Not that it would have made any difference if he had. The dog had lived long enough to know that good stories were not necessarily true stories, and whether he chose to believe the stories Willy told about himself or not was less important than the fact that Willy had done what he had done, and the years had passed. That was the essential thing, wasn’t it? The years, the number of years it took to go from being young to not-so-young, and all the while to watch the world change around you. By the time Mr. Bones crept forth from his mother’s womb, Willy’s salad days were but a dim memory, a pile of compost moldering in a vacant lot. The runaways had crawled back home to mom and dad; the potheads had traded in their love beads for paisley ties; the war was over. But Willy was still Willy, the boffo rhymester and self-appointed bearer of Santa’s message, your basic sorry excuse rigged out in the filthy duds of tramphood. The passage of time had not treated the poet kindly, and he didn’t blend in so well anymore. He stank and drooled, he rubbed people the wrong way, and what with the bullet wounds and the knife wounds and the general deterioration of his physical self, he’d lost his quickness, his heretofore astonishing knack for slithering out of trouble.
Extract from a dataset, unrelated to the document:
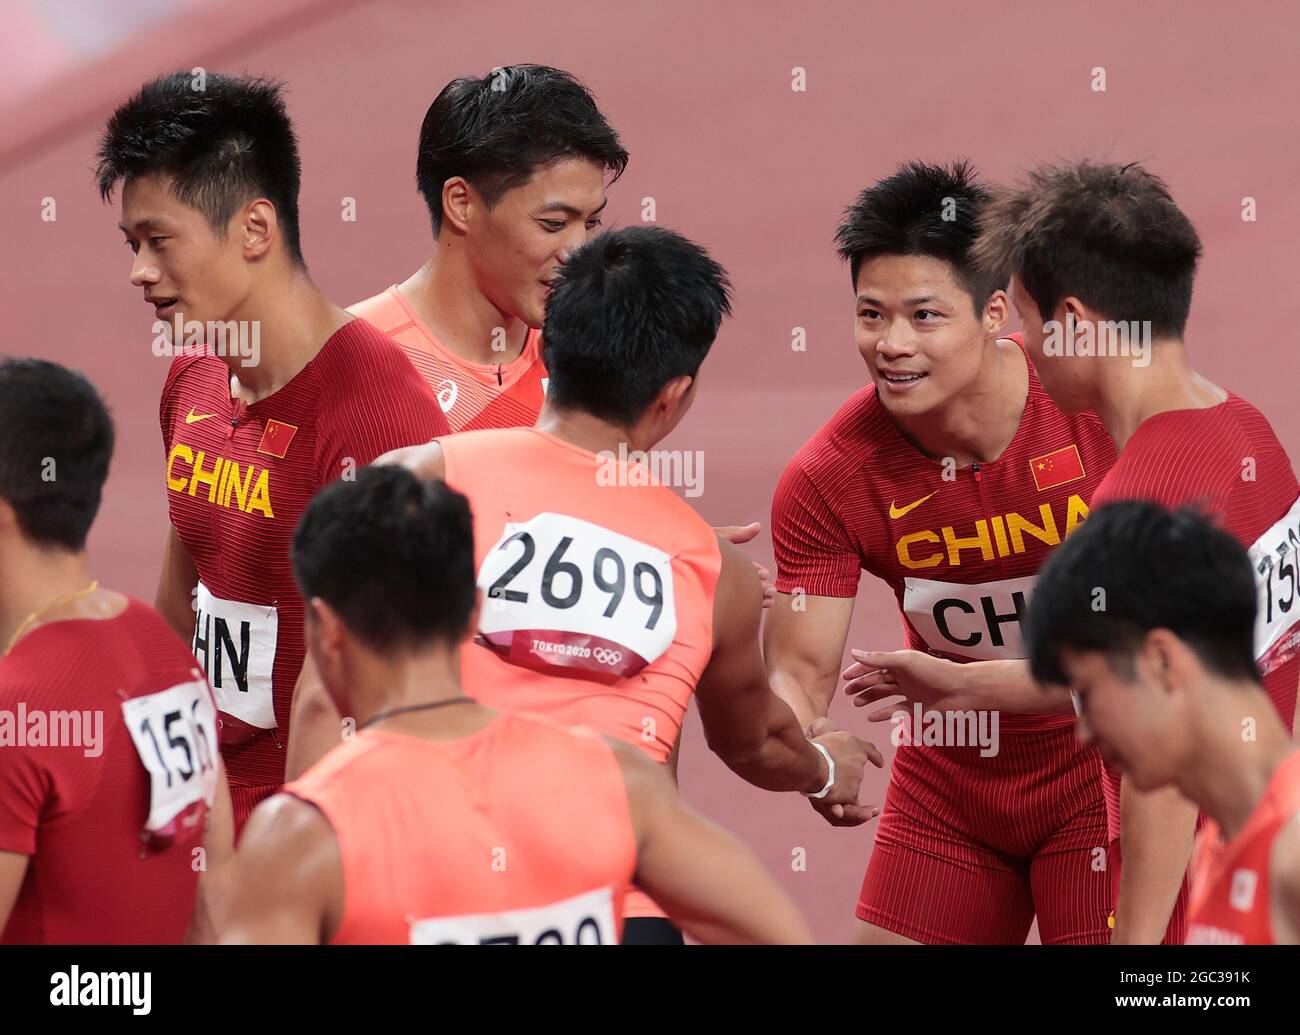 Tokyo, Japan. 6th Aug, 2021. Members of Team China and Team Japan salute each other after the men's 4x100m relay final at Tokyo 2020 Olympic Games, in Tokyo, Japan, Aug. 6, 2021. Credit: Li Gang/Xinhua/Alamy Live News Stock Photo

Strangers robbed him and beat him up. They kicked him while he slept, they set his books on fire, they took advantage of his aches and pains. After one such encounter landed him in the hospital with blurred vision and a fractured arm, he realized that he couldn’t go on without some kind of protection. He thought of a gun, but weapons were abhorrent to him, and so he settled on the next best thing known to man: a bodyguard with four legs.

Mrs. Gurevitch was less than thrilled, but Willy put his foot down and got his way. So the young Mr. Bones was torn from his mother and five siblings at the North Shore Animal Shelter and moved to Glenwood Avenue in Brooklyn. To be perfectly honest, he didn’t remember much about those early days. Ingloosh was still virgin territory to him back then, and what with Mrs. Gurevitch’s bizarrely mangled locutions and Willy’s penchant for talking in different voices (Gabby Hayes one minute, Louis Armstrong the next; Groucho Marx in the morning, Maurice Chevalier at night), it took several months to get the hang of it. In the meantime, there were the agonies of puppyhood: the struggles with bladder and bowel control, the newspapers on the kitchen floor, the snout-whacks from Mrs. Gurevitch every time the pee dribbled out of him. She was a crotchety old complainer, that one, and if not for Willy’s gentle hands and soothing endearments, life in that apartment would have been no picnic. Winter was upon them, and with everything ice and stinging salt pellets on the streets below, he spent ninety-eight percent of his time indoors, either sitting at Willy’s feet as the poet cranked out his latest masterpiece or exploring the nooks and crevices of his new home. The apartment consisted of four and a half rooms, and by the time spring came Mr. Bones was familiar with every stick of furniture, every blot on the rugs, every gash in the linoleum. He knew the smell of Mrs. Gurevitch’s slippers and the smell of Willy’s underpants. He knew the difference between the doorbell and the telephone, could distinguish between the sound of jangling keys and the clatter of pills in a plastic vial, and before long he was on a first-name basis with every cockroach who lived in the cupboard under the kitchen sink. It was a dull, circumscribed routine, but how was Mr. Bones to know that? He was no more than a lame-brained pup, a nincompoop with floppy paws who ran after his own tail and chomped on his own shit, and if this was the only life he’d ever tasted, who was he to judge whether it was rich or poor in the stuff that makes life worth living?